Я чувствую себя совершенно одиноким. Вокруг высокие горы, как тюремные стены, и только единственное, что скрашивает мою жизнь здесь, в Аббас-Тумане, – это моя отрада – обсерватория. Как часто, смотря на холодные величественные звезды, я ловлю себя на мысли, что хочу воззвать к Господу нашему явить милость и милосердие – помоги рабу твоему Георгию. Ведь это так тяжко осознавать в 27 лет, что жизнь уходит из меня как песок меж пальцев и что, возможно, я не доживу и до 28 лет.
12 февраля 1899 г.
Этой ночью мне снился очень красивый, но непонятный сон. Я сижу на моторраде. Впереди и рядом – другие очень странных очертаний, разноцветные, на них пилоты в облегающих одеждах и шлемах наподобие рыцарских. Я чувствую, что волнуюсь… Человек в красном машет флагом, все срываются с места, но я быстрее всех… за пару мгновений разгоняюсь до огромной, совершенно невообразимой скорости.

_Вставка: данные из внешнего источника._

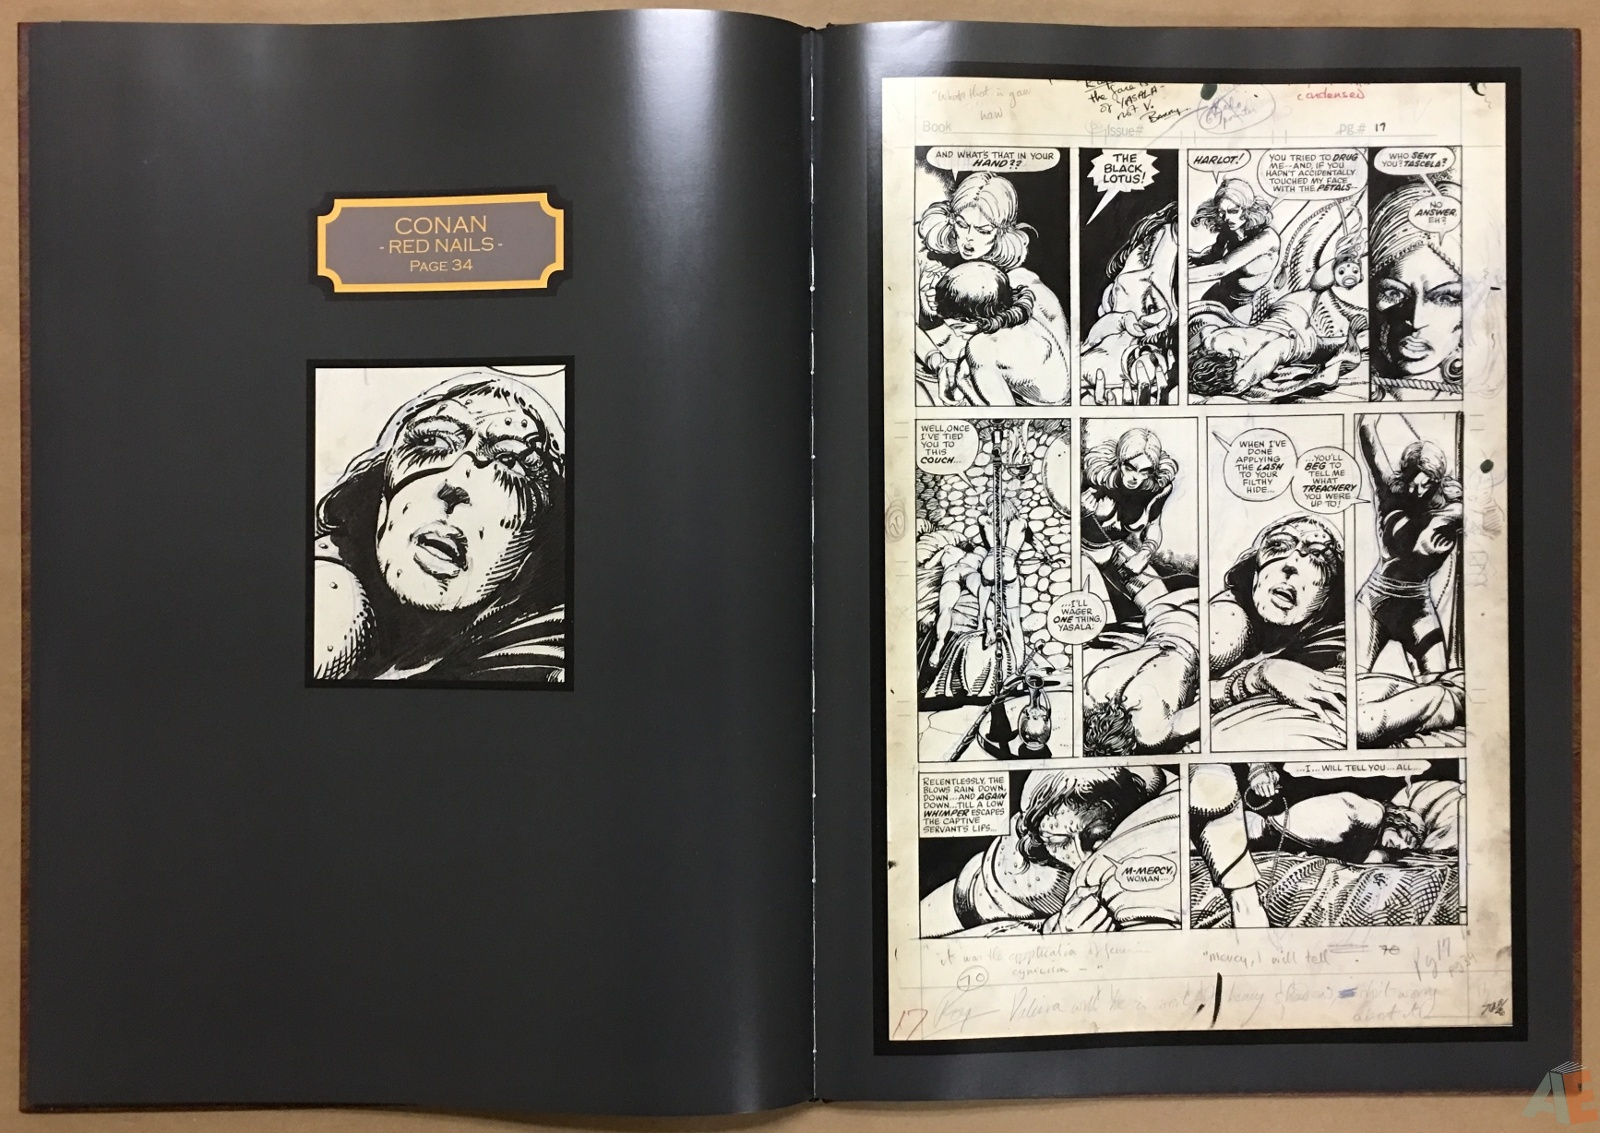 Conan: Red Nails Original Art Archives Volume 1 26

Впереди поворот, его невозможно проехать даже и впятеро тише… Но мой моторрад вдруг, не сбрасывая скорости, почти ложится на бок и едет, послушный малейшему моему движению. Я знаю, что это гонка и я должен ее выиграть. Но вдруг меня обгоняет черный моторрад с номером 14.
Это невероятно, но он едет еще быстрее меня, и в результате закончил гонку я только третьим… Проснулся с мыслью, что мне надо больше тренироваться. Очень странный сон – и откуда такие слова: гонки, тренироваться…
14 февраля 1899 г.
Я не знаю, что же мне делать; этот сон мне снится уже третью ночь. Сегодня исповедовался отцу Константину, рассказал ему о моих снах и попросил совета. Он был явно в смущении и сказал, что я должен больше молиться, и Господь явит мне милость. Боже, помоги рабу твоему Георгию!
15 февраля 1899 г.
Сегодня я понял, что этот сон есть знак свыше и я должен научиться искусству езды на моторраде; решил не откладывать дело в долгий ящик. Вызвал к себе моего управляющего и попросил выбрать самую совершенную и быструю модель моторрада.
27 февраля 1899 г.
Управляющий доложил, что самым совершенным моторрадом является «мотоциклет» производства фирмы братьев Вернер. Их последняя модель в прошлом году экспонировалась в велосипедном салоне и приобрела большую известность быстроходностью, так как позволяла достичь максимальной скорости 35 верст в час. Фирма братьев Вернер, кстати, русских подданных, имеет магазин в Москве на Петровских линиях в доме Полякова, откуда они могут прислать моторрад и механика, чтобы его собрать. К тому же их московский представитель – один из братьев Вернеров – Ипполит Антонович – узнав, для кого мы покупаем моторрад, любезно вызвался сопровождать груз и дать мне несколько уроков езды на моторраде.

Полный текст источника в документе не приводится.